Humans are born with the about same number of neurons that we die with, meaning that a neuron can live for 100 years or more. Over the decades of our lives, we show signs of aging – our skin becomes wrinkled, our hair turns gray. Our neurons likewise show signs of aging. This is problematic for health: first, aging is often accompanied by cognitive decline, and second, aging is by far the primary risk factor for dementia and neurodegenerative disease.
Our lab asks, what causes neuronal aging, and can it be prevented?

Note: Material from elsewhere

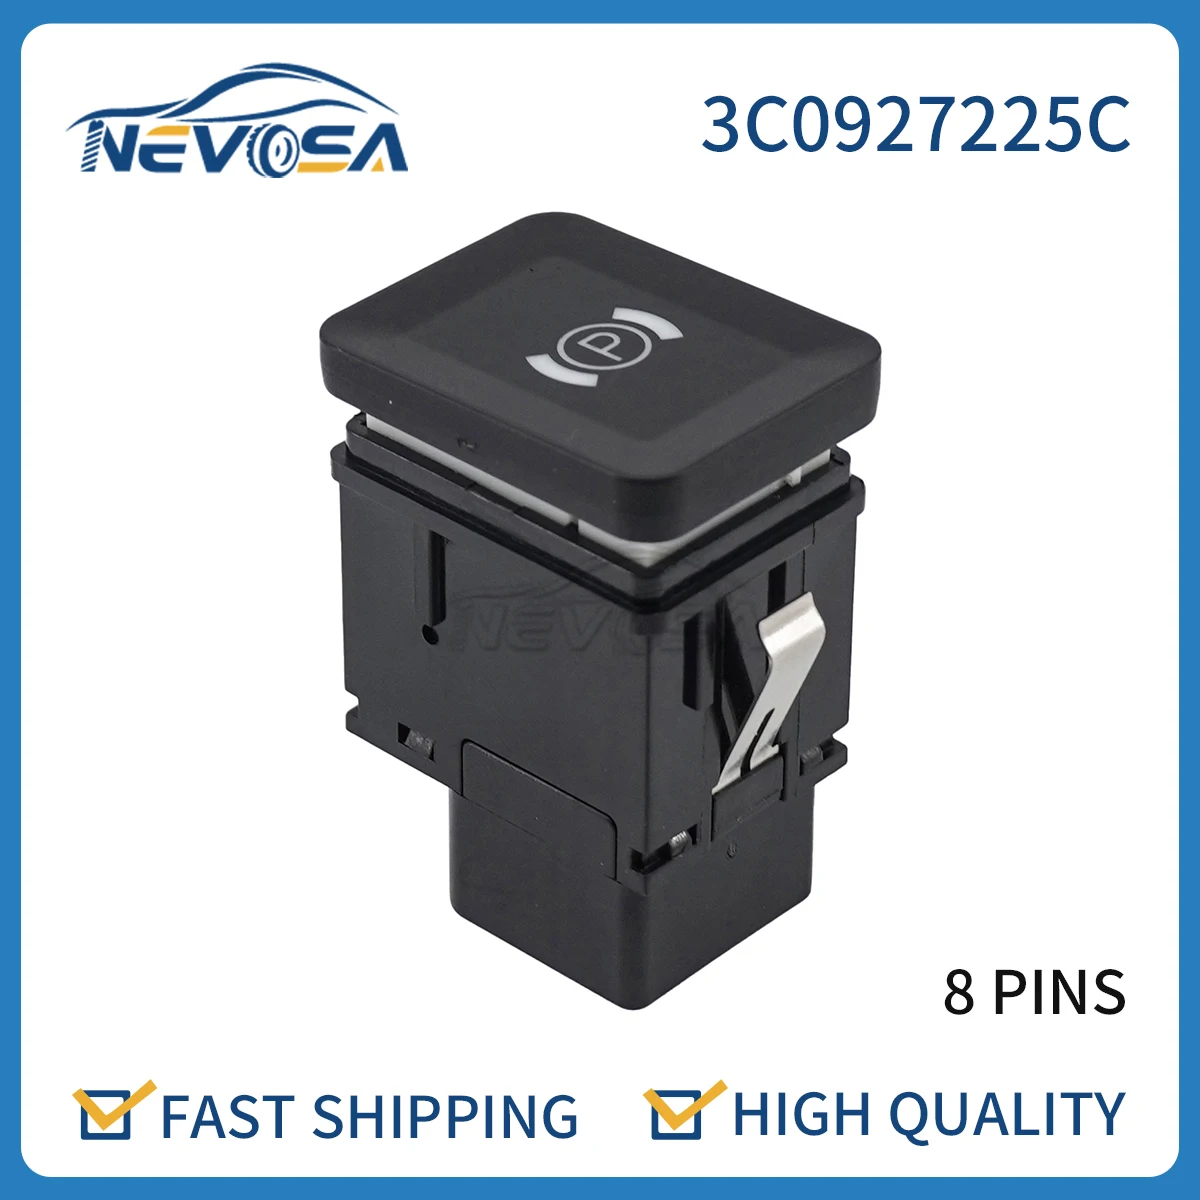 

Nevosa 3C0927225C Electrical Car Parking Hand Brake Control Switch Handbrake Button For VW Passat B6 CC 3C 2006-2012 3C0927225B

The nematode Caenorhabditis elegans has evolved the remarkable ability to de-couple the symptoms of aging from chronological age. Normally, C. elegans age and die in two weeks. However, in the alternate organismal state called “dauer,” animals pause all growth and development programs and survive for months. Neurons remain functional, but features of neuronal aging are likewise stalled. We exploit this phenotypic plasticity to investigate how neuron aging can be stalled.
We are particularly interested in the interplay between neuronal aging and endosomes. Aberrant endosome morphology and function is associated with neurodegenerative diseases. We hypothesize that there is a conserved role for the endocytic pathway in promoting the pathologies associated with neuronal aging.
Synaptic vesicles are a highly specialized type of endosome used for the rapid communication of firing activity between connected neurons in a circuit. We are interested in the regulation of synaptic vesicle homeostasis in development versus adulthood, and what causes synaptic vesicle homeostasis to decline in aging.